◆ Exercise prompt
A verbatim restatement of the data, free of pictures, is what you should output.

*** Opening of Data ***

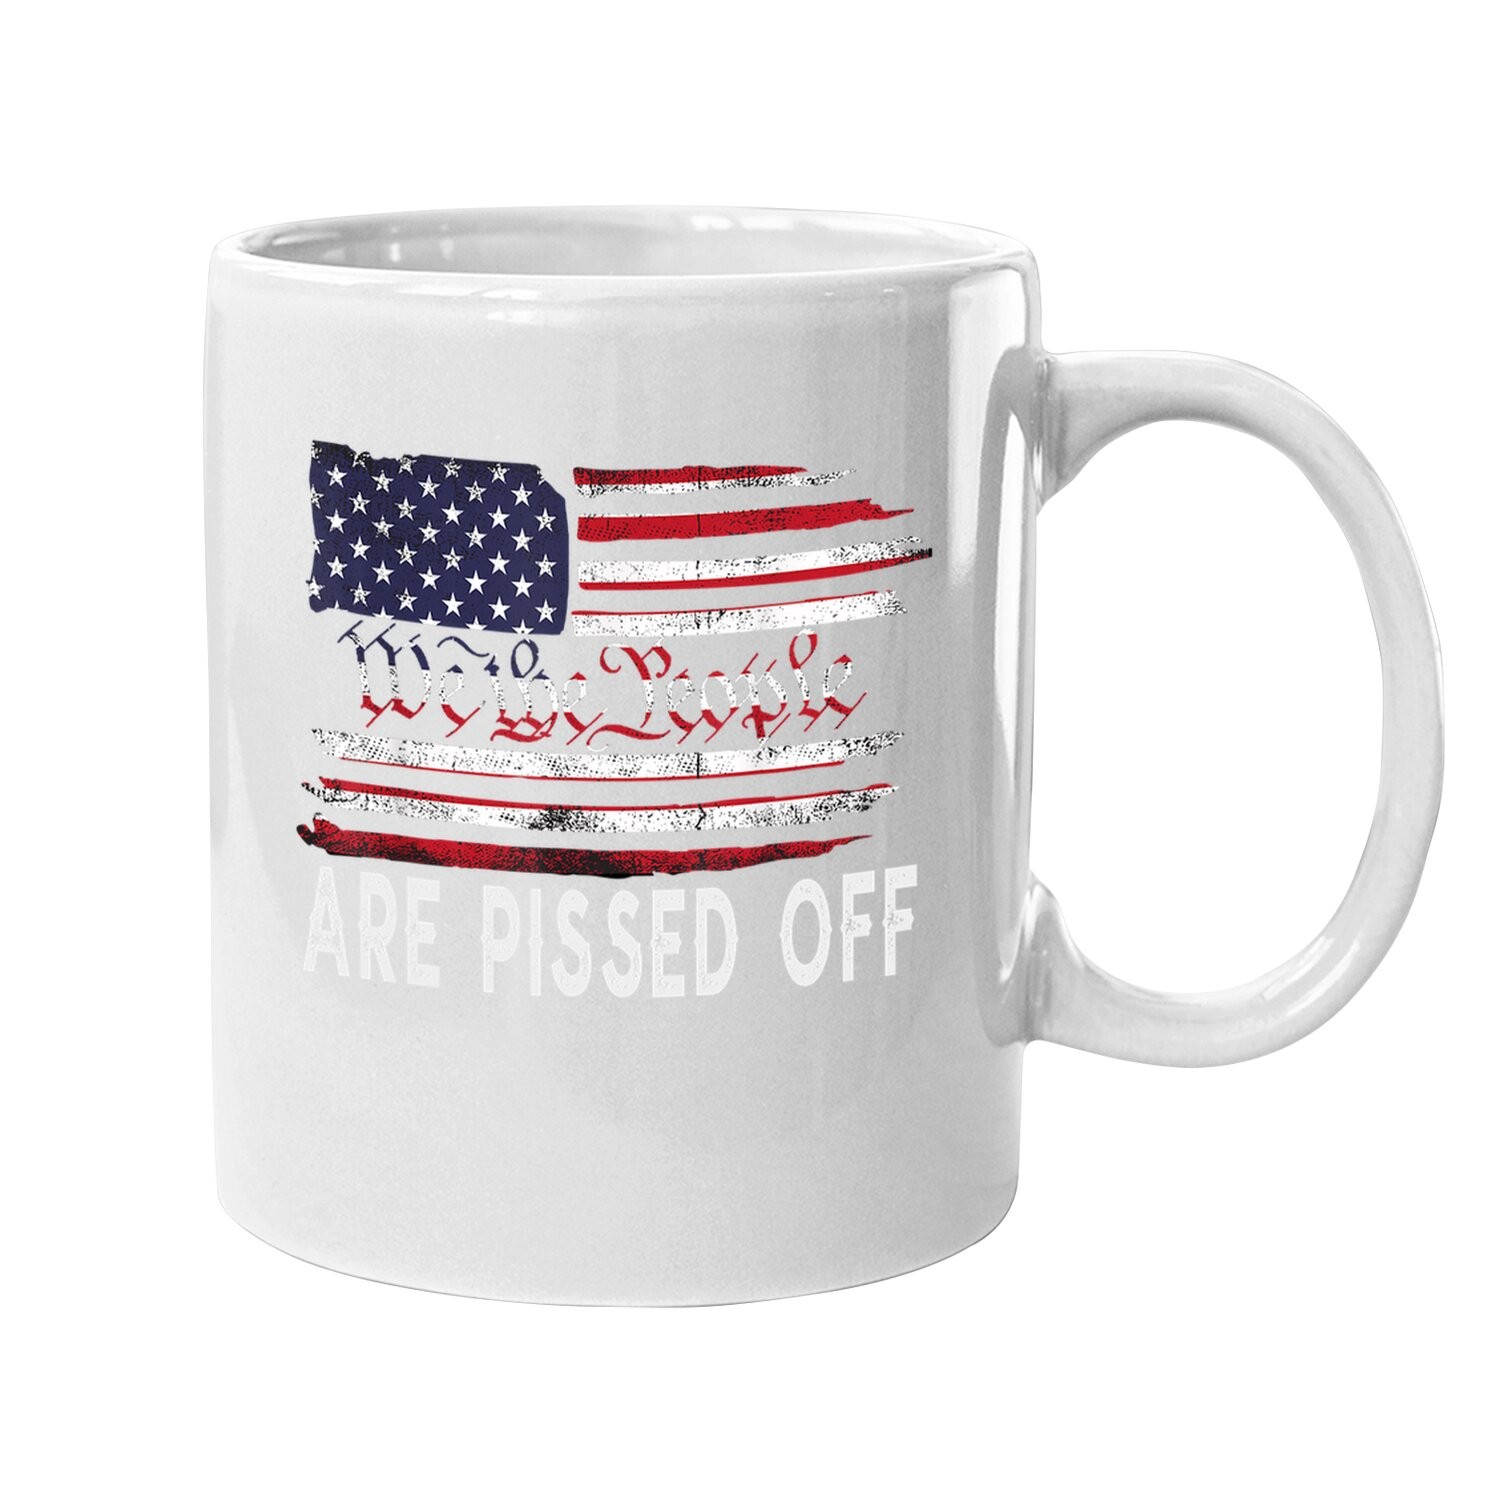 We The People Are Pissed Off Vintage Us America Flag Coffee Mug
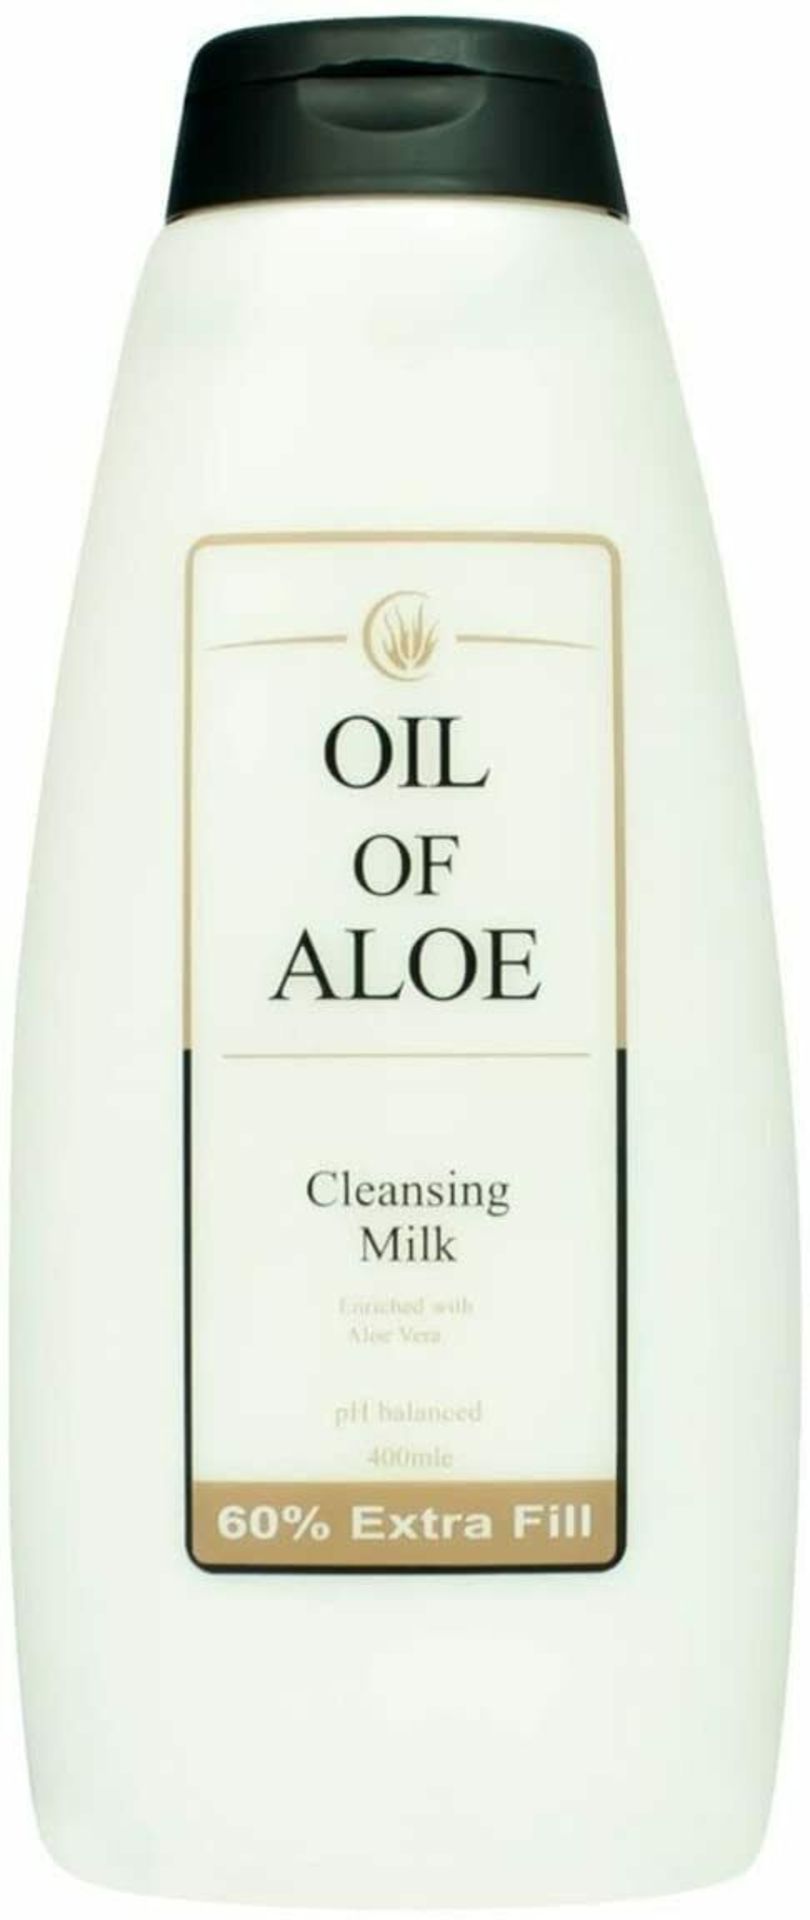 24 x Oil Of Aloe Cleansing Milk RRP 6.34 ea.
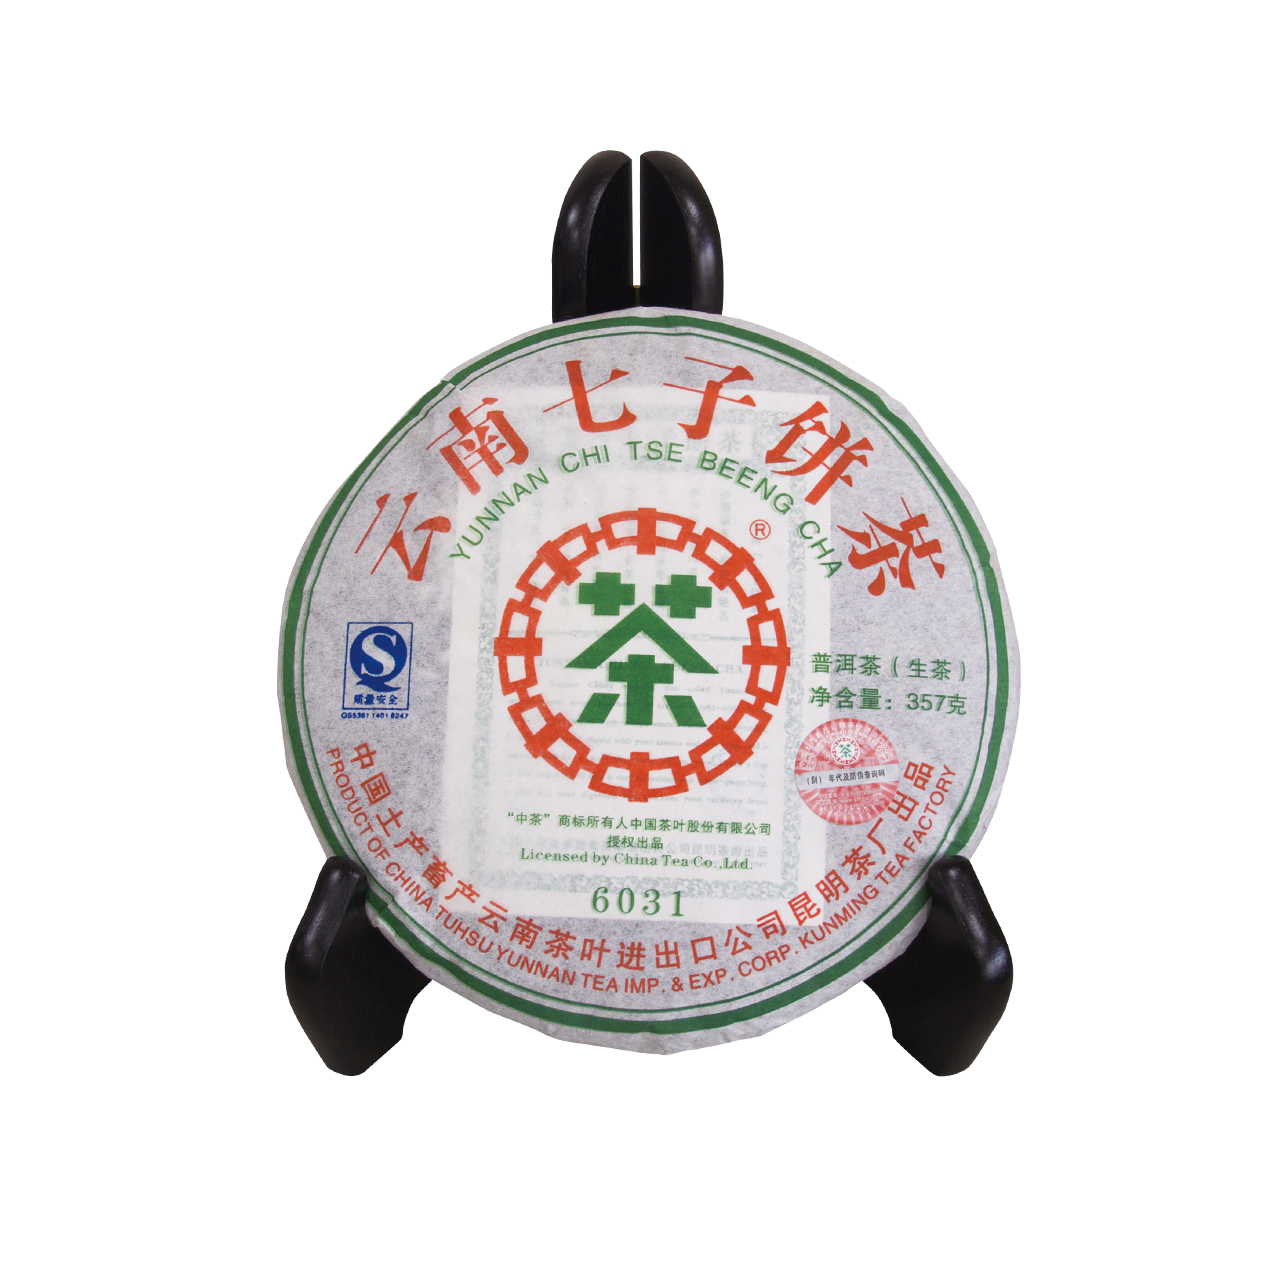 雲南七子餅茶(6031)(生茶)(買一送一)

*** Close of Data ***

◆ Task solution
 We The People Are Pissed Off Vintage Us America Flag Coffee Mug
 24 x Oil Of Aloe Cleansing Milk RRP 6.34 ea.
 雲南七子餅茶(6031)(生茶)(買一送一)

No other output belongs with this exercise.